Super fast in-memory data store

The Sticky Notes Analogy

Your desk has two places to store information:

  • Filing cabinet (database): Organized, permanent, slow to find things
  • Sticky notes (Redis): Right in front of you, instant access, temporary

Redis is like putting the most important info on sticky notes. It stores data in memory for lightning-fast access, while your main database handles permanent storage.


Why Redis Is So Fast

Memory vs Disk

Database (disk):
  1. Find file on disk
  2. Read from slow spinning/flash storage
  3. Return data
  Time: ~10-20 milliseconds

Redis (memory):
  1. Look up in RAM
  Time: ~0.1 milliseconds

That's 100-200x faster!

The Trade-off

Memory: Fast but limited and volatile
Disk:   Slow but abundant and persistent

Redis chooses SPEED for data that needs it.

What Redis Stores

Key-Value Pairs

Everything in Redis is a key pointing to a value:

SET user:123 "Alice"
GET user:123 → "Alice"

Key:   user:123
Value: "Alice"

Data Structures

Redis isn't just strings. It supports rich data types:

TypeDescriptionExample Use
StringText, numbers, binaryCache, counters
ListOrdered collectionMessage queues
SetUnique valuesTags, followers
Sorted SetOrdered by scoreLeaderboards
HashField-value pairsUser profiles
StreamAppend-only logEvent streams

Common Use Cases

1. Caching

Without cache:
  User requests page
    → Query database (slow)
    → Return response

With Redis cache:
  User requests page
    → Check Redis (instant!)
    → Cache hit? Return immediately
    → Cache miss?
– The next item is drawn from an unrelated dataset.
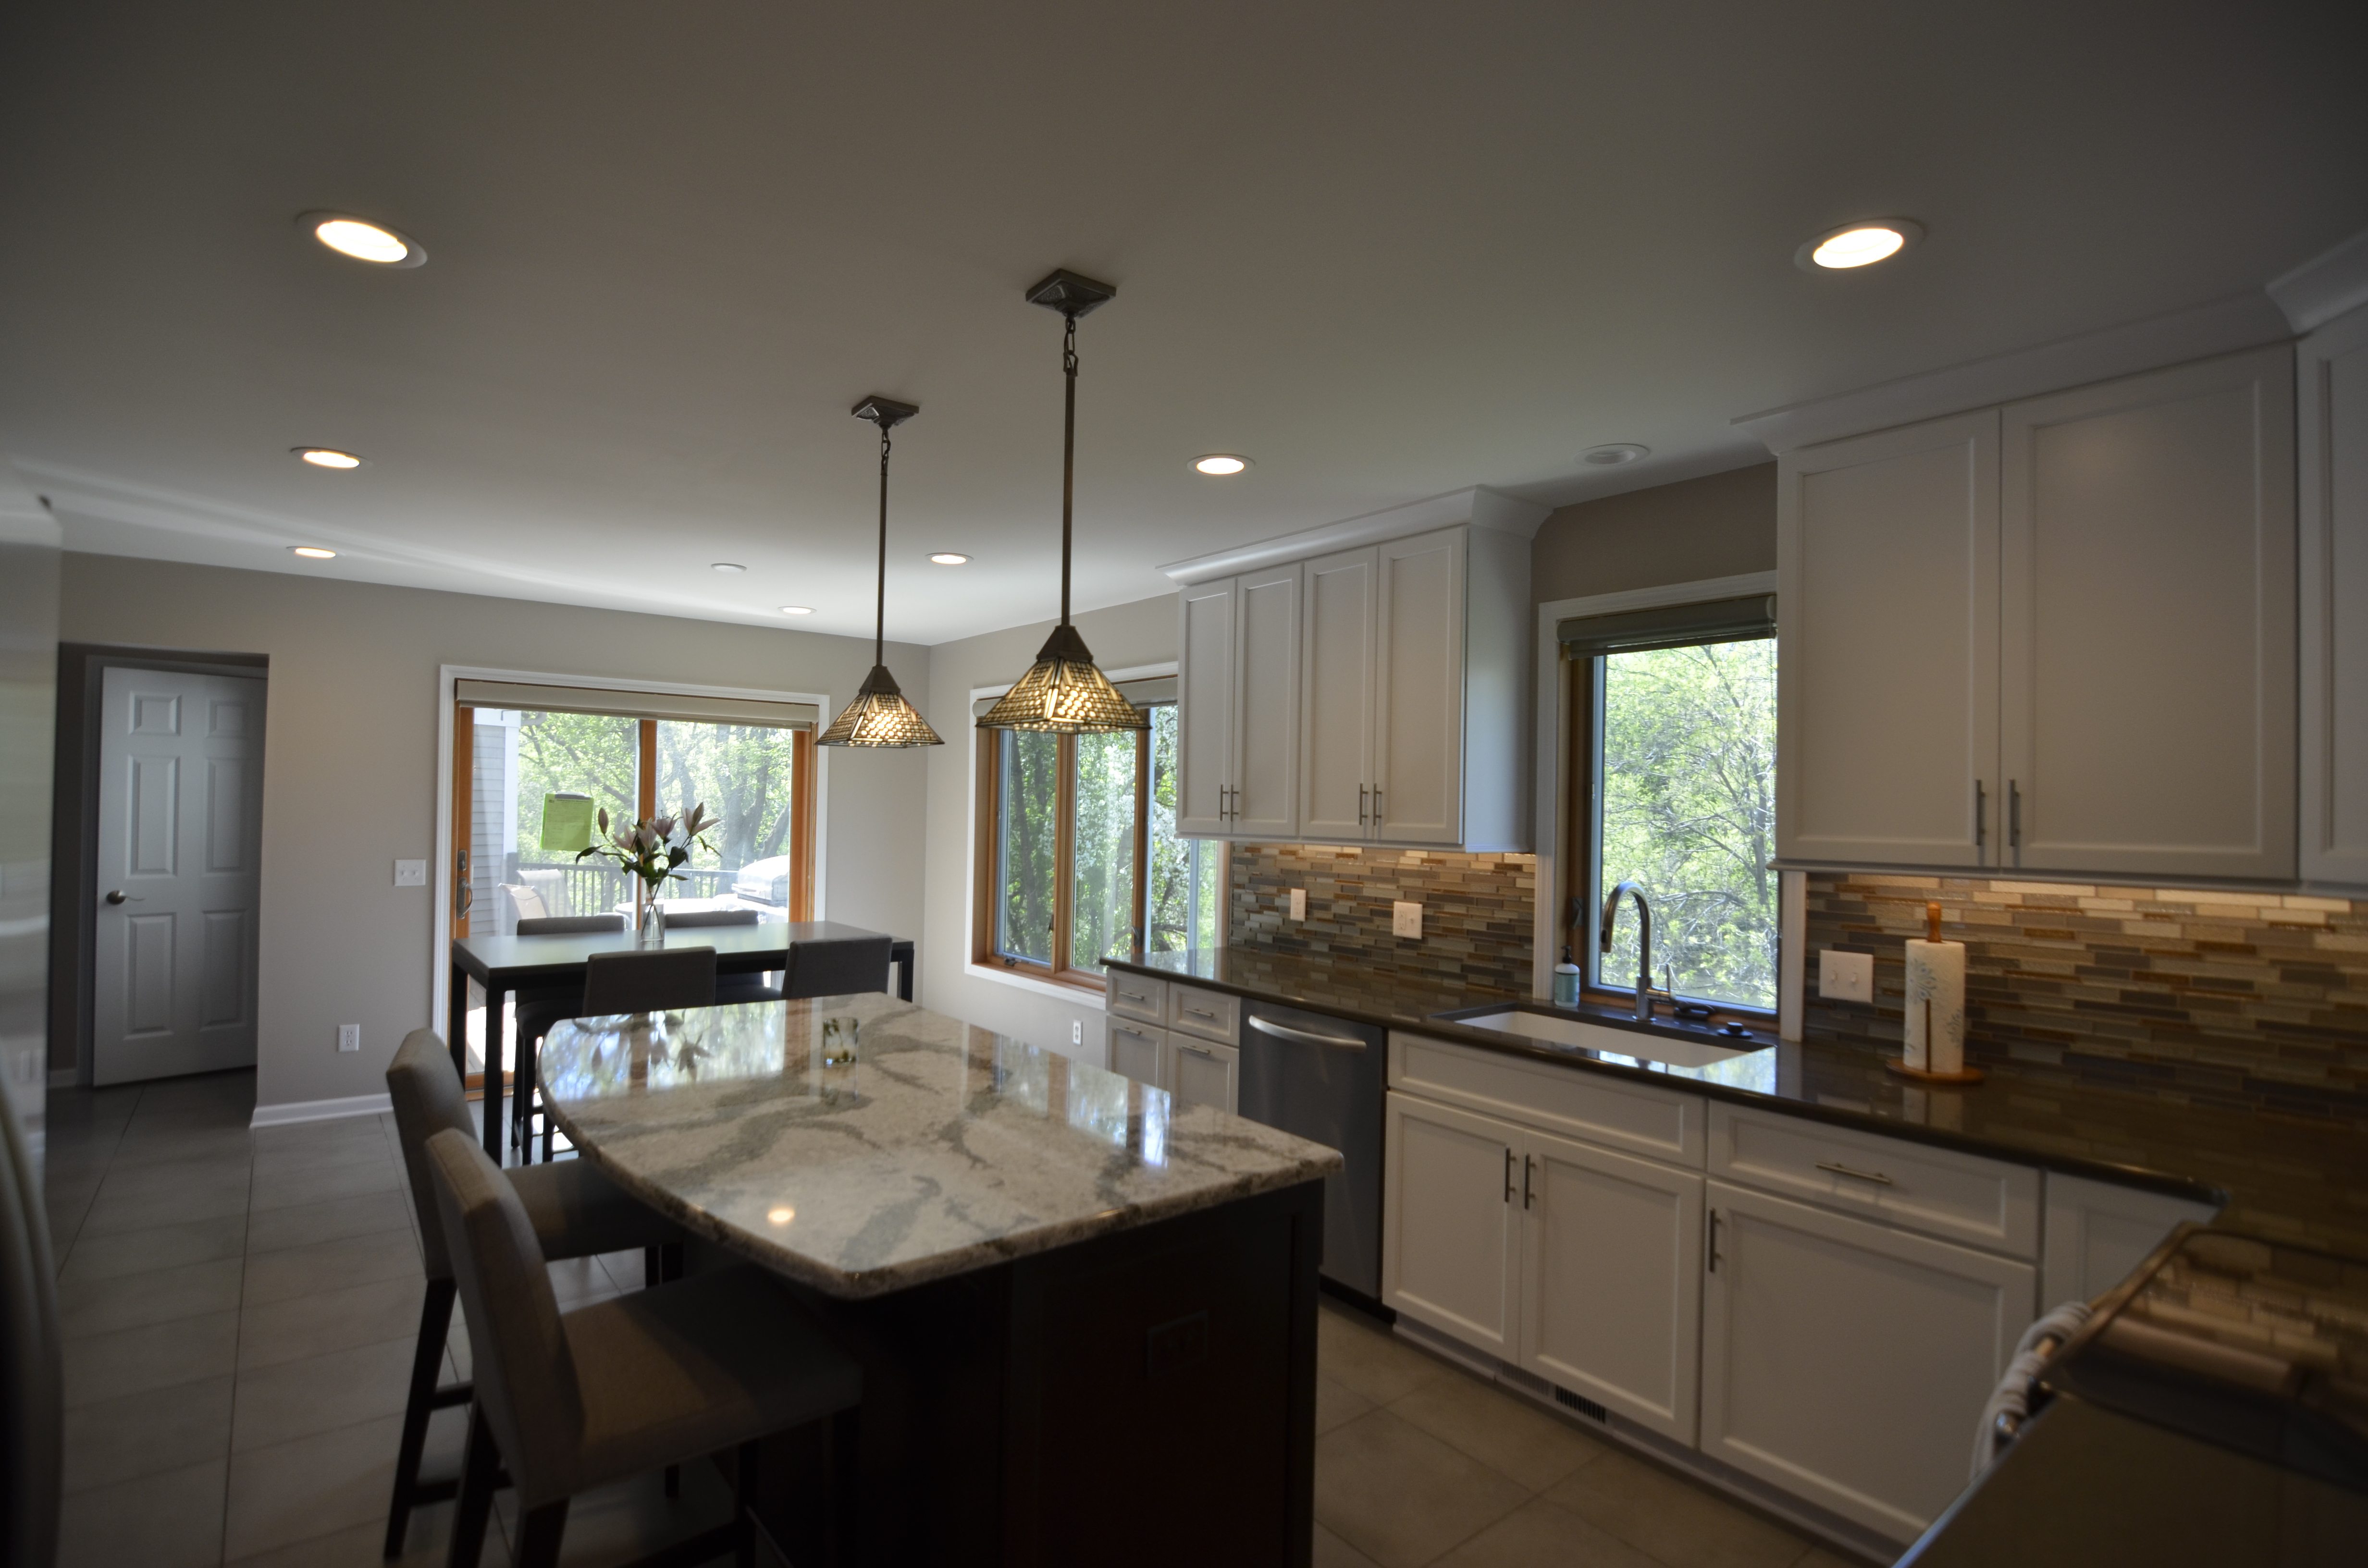 White Painted Kitchen, Mendota Hghts

Query DB, store in Redis, return

First request: Same speed
Next 1000 requests: 100x faster!

2. Session Storage

User logs in:
  Store session in Redis
  session:abc123 → { userId: 5, name: "Alice" }

User makes requests:
  Check Redis for session (microseconds)
  No database query needed!

Benefits:
  - Fast session lookups
  - Stateless app servers
  - Easy to scale

3. Rate Limiting

Allow 100 API calls per minute per user:

User makes request:
  INCR api:user:123:minute

  If count > 100:
    Return "Too many requests"
  Else:
    Process request

Redis TTL auto-clears counters after 1 minute.

4. Leaderboards

Sorted Sets perfect for rankings:

ZADD leaderboard 100 "Alice"
ZADD leaderboard 85 "Bob"
ZADD leaderboard 95 "Carol"

ZREVRANGE leaderboard 0 2
→ ["Alice", "Carol", "Bob"]

Scores automatically sort players!

5. Pub/Sub (Real-Time Messaging)

Publisher:
  PUBLISH chat:room1 "Hello everyone!"

Subscribers (all receive instantly):
  SUBSCRIBE chat:room1
  → "Hello everyone!"

Used for: Chat, notifications, live updates

6. Message Queues

Producer adds tasks:
  LPUSH job:queue "process_video:123"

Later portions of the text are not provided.